Reprimo o que eu realmente queria fazer da minha vida, pela incapacidade dos fatos. Me reprime que a grande maioria também não possa ser/fazer.

Me deprime a incapacidade das pessoas fazerem bonito o seu amor, me deprime a não solidez com que dizem amar. Desde que o "ficar" substituiu o sentido de "corte", dos gracejos, das serenatas embaixo das janelas, me deprimo facilmente com a fluidez dos pseudos-relacionamentos.
Me reprimo o toque daquele que não conheço - e aqui abro uma questão, de como me sinto reprimida pelos outros por Não mais me contentar com os toques que não me deixam marcas, as boas -
Me sinto para alem de reprimida, quase que ultrajada, quando me impõem regras de conquista, um manual de como agir e não de como sentir, numa eterna busca do aprisionamento do outro por subterfúgios psicológicos,daqueles manuais de conquista de revista feminina. Reprimo meus sentimentos daqueles que esperam que eu aja assim.  

E finalmente, só espero que não morra deprimidamente engasgada!  
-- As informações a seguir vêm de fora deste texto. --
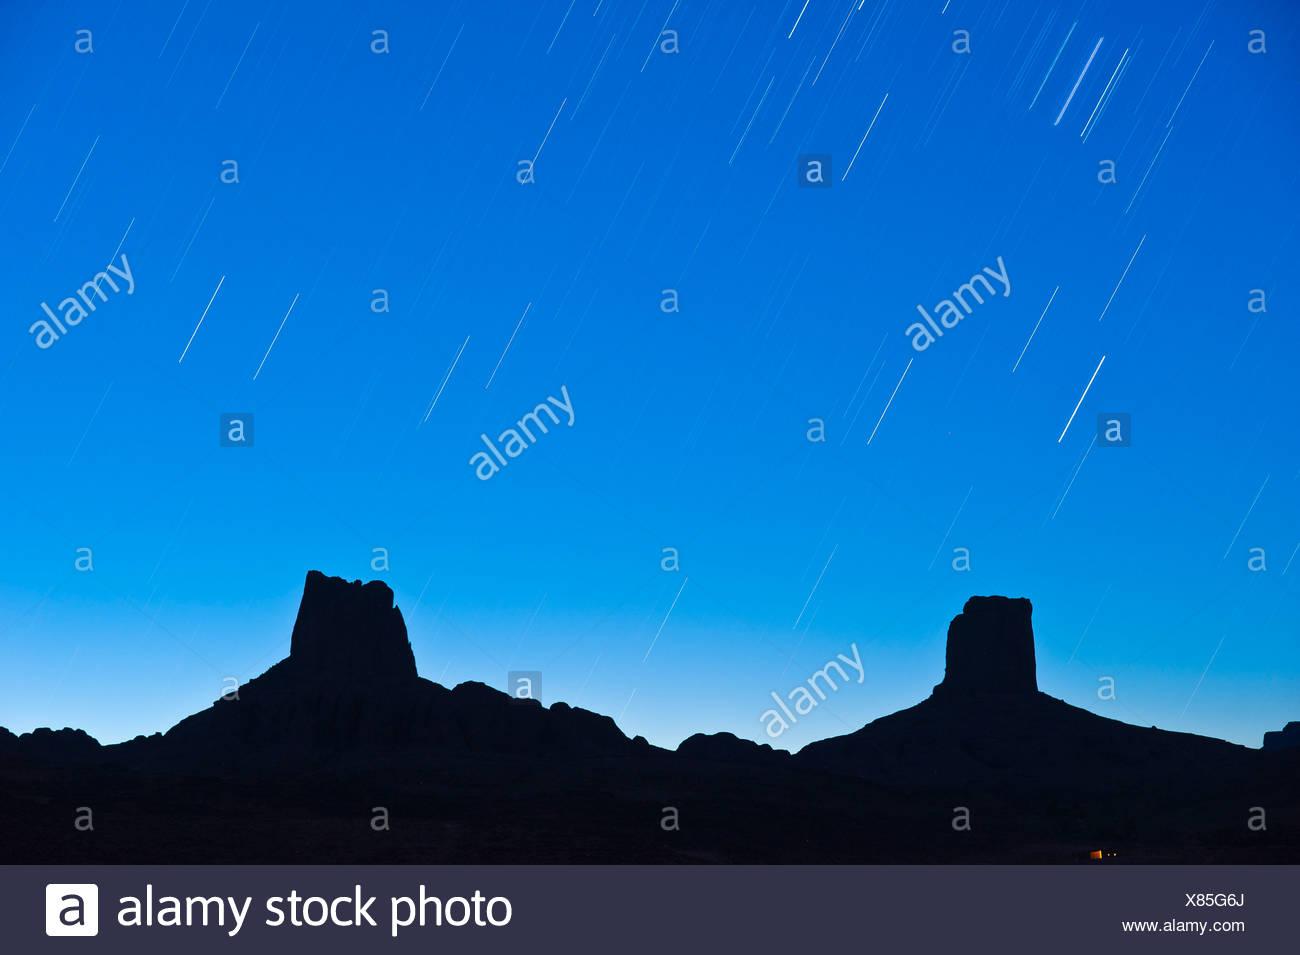 Plagado de estrellas del cielo sobre imponentes rocas, llamada Madame y Monsieur, Bab n'Ali, Djebel Sarhro montañas, sur de Marruecos. Foto de stock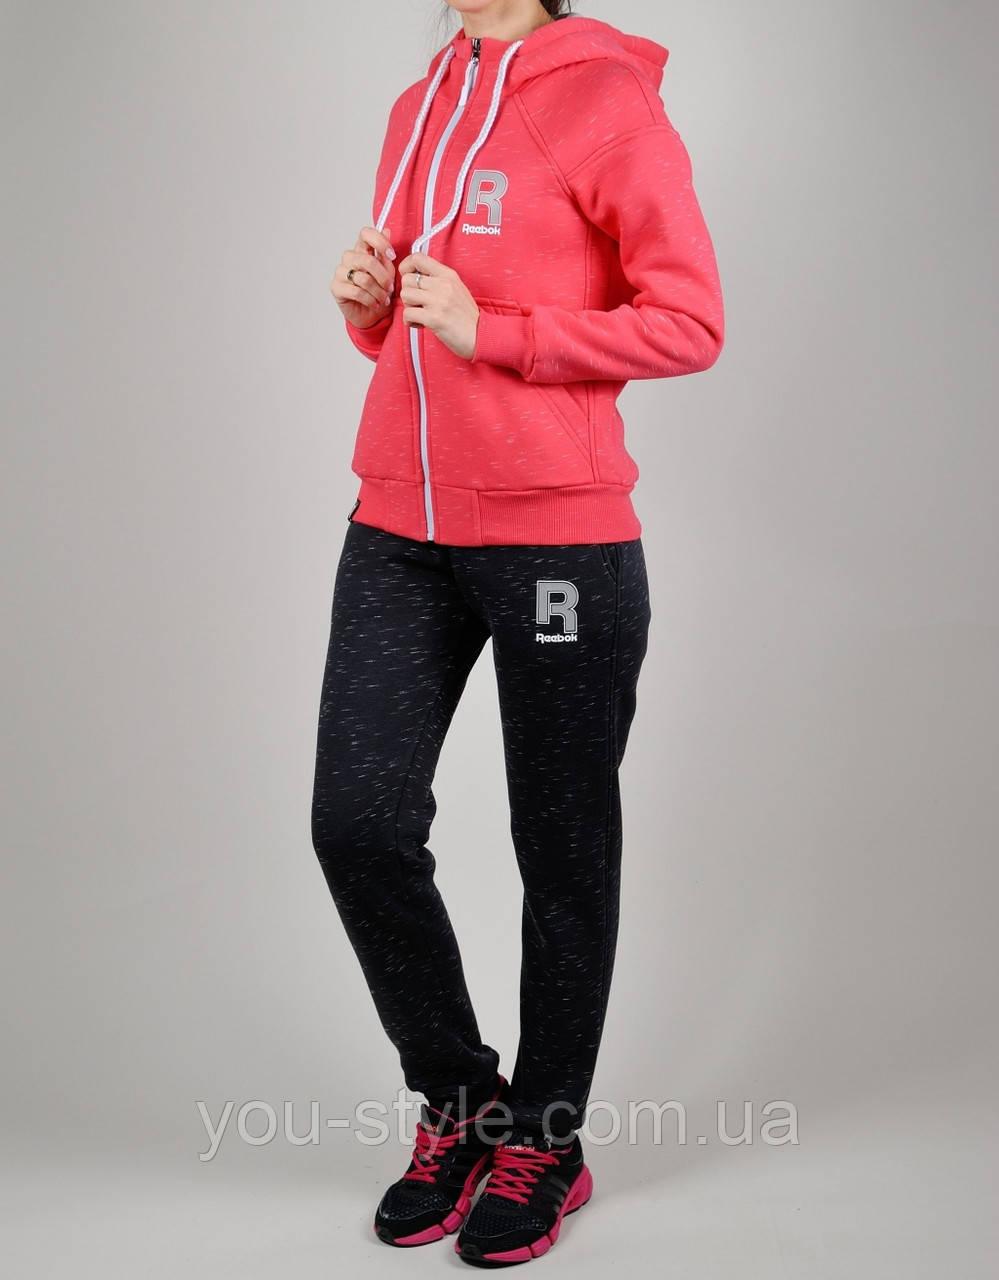 f7e0c3d7 Зимний женский спортивный костюм Reebok 1117 Коралловый - Интернет магазин

“quando lemos sobre uma bruxa sendo queimada, uma mulher possuída por demônios, uma mulher sábia vendendo ervas… acho que estamos olhando para uma escritora perdida, uma poeta anulada.” Virgínia Woolf 

Existem no meu lugar,
eu sinto.
Não consigo ver porque não mais existo,
mas eu sinto.
Existem!

E aos poucos você vai perdendo seu reflexo no espelho do outro, no princípio é um leve e quase não aparente esmaecimento, como quando ao acordar, seu primeiro pensamento desfoca do outro e você só lembra cada vez mais tarde no dia. Antes era assim que abria os olhos, depois passa a ser daqui 1 hora, depois do almoço, meio da tarde até chegar o momento que você fica dias sem lembrar.
Aquela vontade de saber como foi o dia do outro, passa ser a vontade de saber como foi a semana, depois a quinzena, o mês, até que por fim acha melhor nem saber. Então você fecha os olhos e a imagem desfoca, você demora pra enxergar os detalhes, busca uma foto e daí se lembra - aah era assim os detalhes de seu rosto


No princípio a vontade do toque era latente. As mãos, ávidas, iam sempre de encontro das mãos do outro. Andar na rua de mãos dadas era algo de extrema importância para guiar o caminho, sem o enlace das mãos você sentiria perdida na multidão. As mãos na outra me tornava crível. Até que as mãos já não procuravam as do outro, elas começaram a se procurar cada vez mais raramente ao andar pelas ruas e sem saber o que fazer com elas, procurava meus bolsos, ou cruzava os braços, na tentativa de não demonstrar a falta que o enlace nos dedos do outro faz. 
Você percebe que se tornou invisível, quando os olhares que trocam já não são mais olhares e sim piscadelas. No inicio olhar o outro é o mesmo que se prender no outro, como quando se olha algo tão bonito que a vontade é de não piscar para não perder nenhum detalhe. Tudo tem que ser apreendido minimamente, conta-se as pequenas marquinhas no rosto, sabe a localização de cade pêlo, cada pintinha.Percebe-se que sua imagem está esmaecendo para outro quando o olhar que recebe vem desviado, ao falar com você é mais interessante olhar pro que está acontecendo do outro lado da rua e quando por fim você recebe um olhar no tempo de uma piscadela, ele vem com uma névoa e não dá mais para perceber o que está por trás dele.
Finalmente você acorda uma dia e ao se olhar no espelho do outro não vê mais sua imagem refletida. Você se remexe, tenta limpar o espelho, coloca sua roupa mais brilhante e nada é refletido. Você espera com aparente (e mentirosa) calma que o espelho tenha dado somente um pequeno defeito e volte a sua função primeira - a de refletir - mas o tempo passa e nada acontece, nem um vulto do que você era antes aparece. E o tempo passa..
E o tempo passa..
Até que você ainda olhando naquele espelho na esperança de se ver, começa a formar uma imagem, no início é só um contorno de uma imagem, desfoca, vai focando, a imagem vai ganhando mais contorno, mais brilho. Você não tira os olhos dali, e o tempo passa..
A imagem se forma.
Não é mais você refletida ali!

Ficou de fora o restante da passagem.